Desde que caiu em um buraco, quando atuava como motorista em uma empreiteira no município de Candiota, Ubiratan viu sua vida mudar. O fato ocorreu em 2009 e ocasionou a fratura do joelho esquerdo, que já passou por cirurgia. No entanto, para que a perna volte a ter uma mobilidade de qualidade, precisa receber uma prótese.
Depois de 90 dias, ele chegou a ter o amparo de renda mensal por acidente de trabalho suspenso pelo Instituto Nacional Seguro Social (INSS), mas quatro anos depois, em 2013, já em uma sala de audiências, fez um acordo e voltou a receber cerca de R$ 880 de salário, valor hoje usado para quitar, muito lentamente, as inúmeras dívidas que contraiu durante o período em que não pode contar com o benefício. No ato, Ubiratan aceitou a proposta do INSS, que pagaria o valor de R$ 17.913 como total do que lhe deviam pelos 48 meses de inadimplência. “Até hoje vago com essa decisão judicial pelo fórum, advogado e no próprio instituto. Não me pagaram um centavo do que foi acertado no acordo e eu me endividei”, denuncia o motorista que continua: “Já abri mão do que me era de direito para poder saldar meus débitos e hoje devo cada vez mais”.
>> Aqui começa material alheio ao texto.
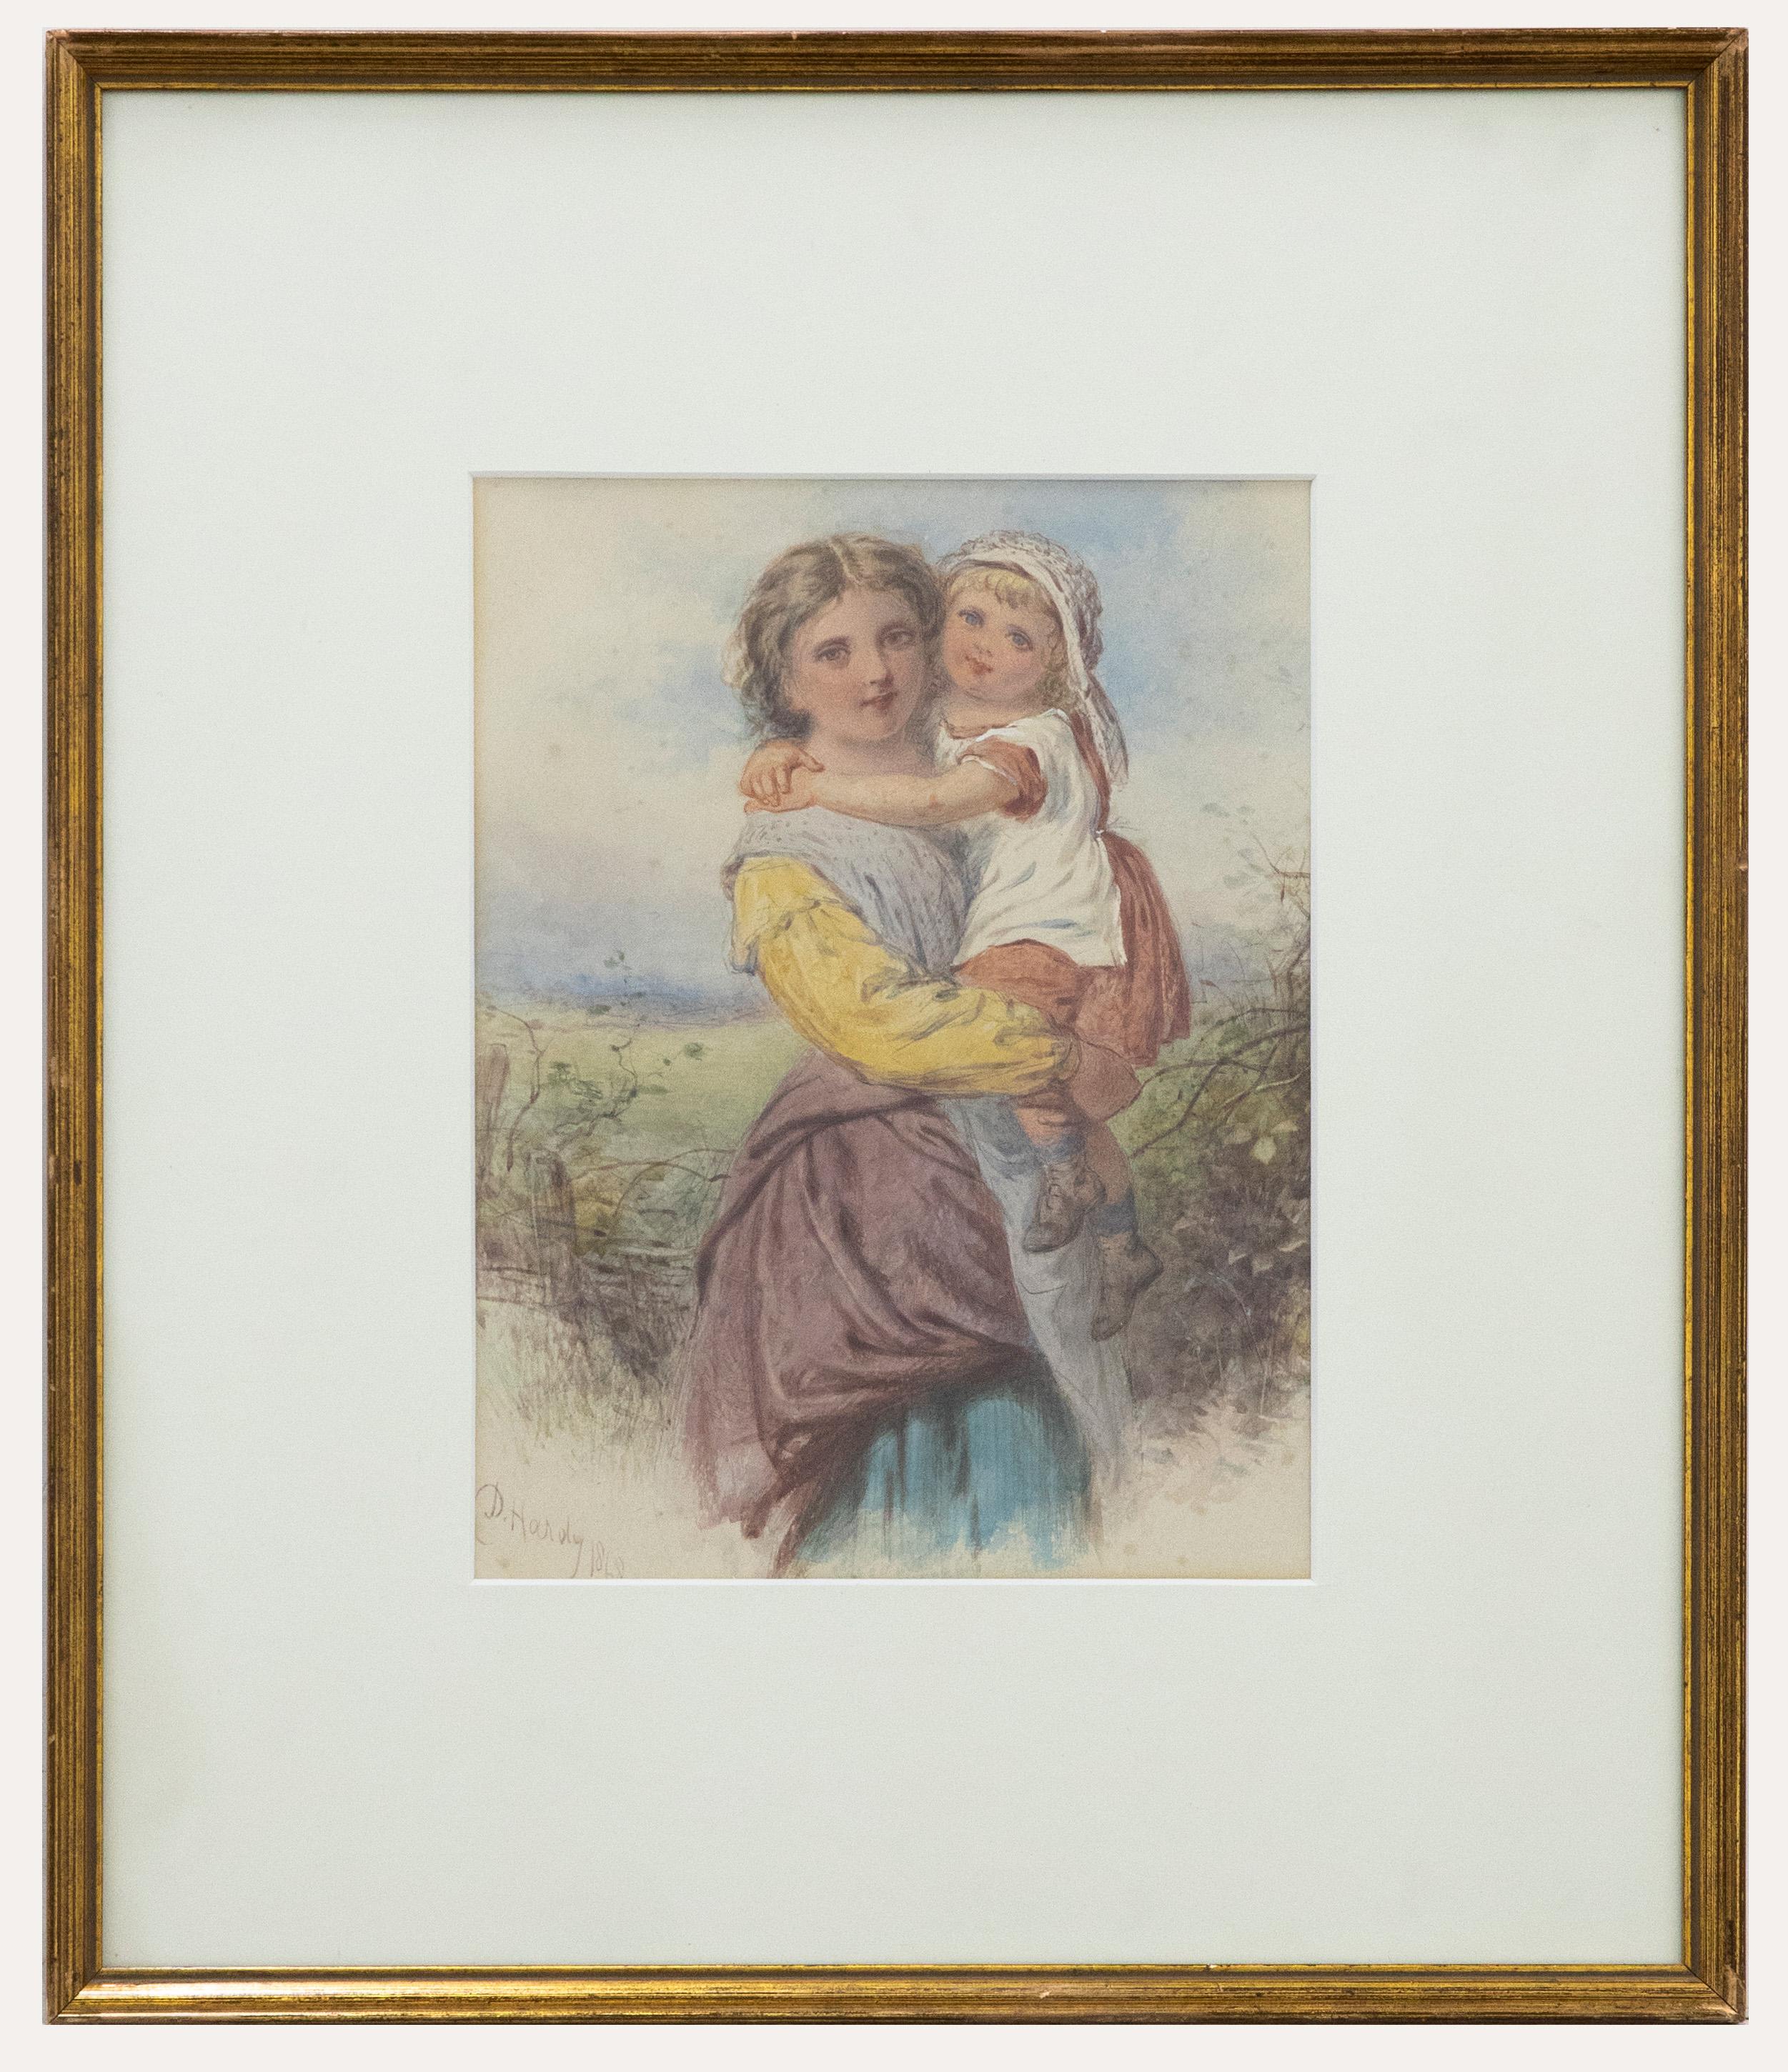 Ein charmantes Aquarell aus dem 19. Jahrhundert, das eine ältere Schwester zeigt, die ihre jüngere Schwester in den Armen hält, während sich die beiden mit einem sanften Lächeln umarmen. Der Künstler hat in der linken unteren Ecke signiert und

A empresa para qual trabalhou foi embora para o Paraná e, do advogado, Barros não houve boas perspectivas, pois ao assinar o acordo, o processo se extinguiu. “Em minha opinião, não há acordo, já que ele não foi cumprido. Não sei mais a quem recorrer para obter o que é meu. O advogado limita-se a dizer que devo olhar minha conta bancária para ver se o dinheiro entrou”, finaliza.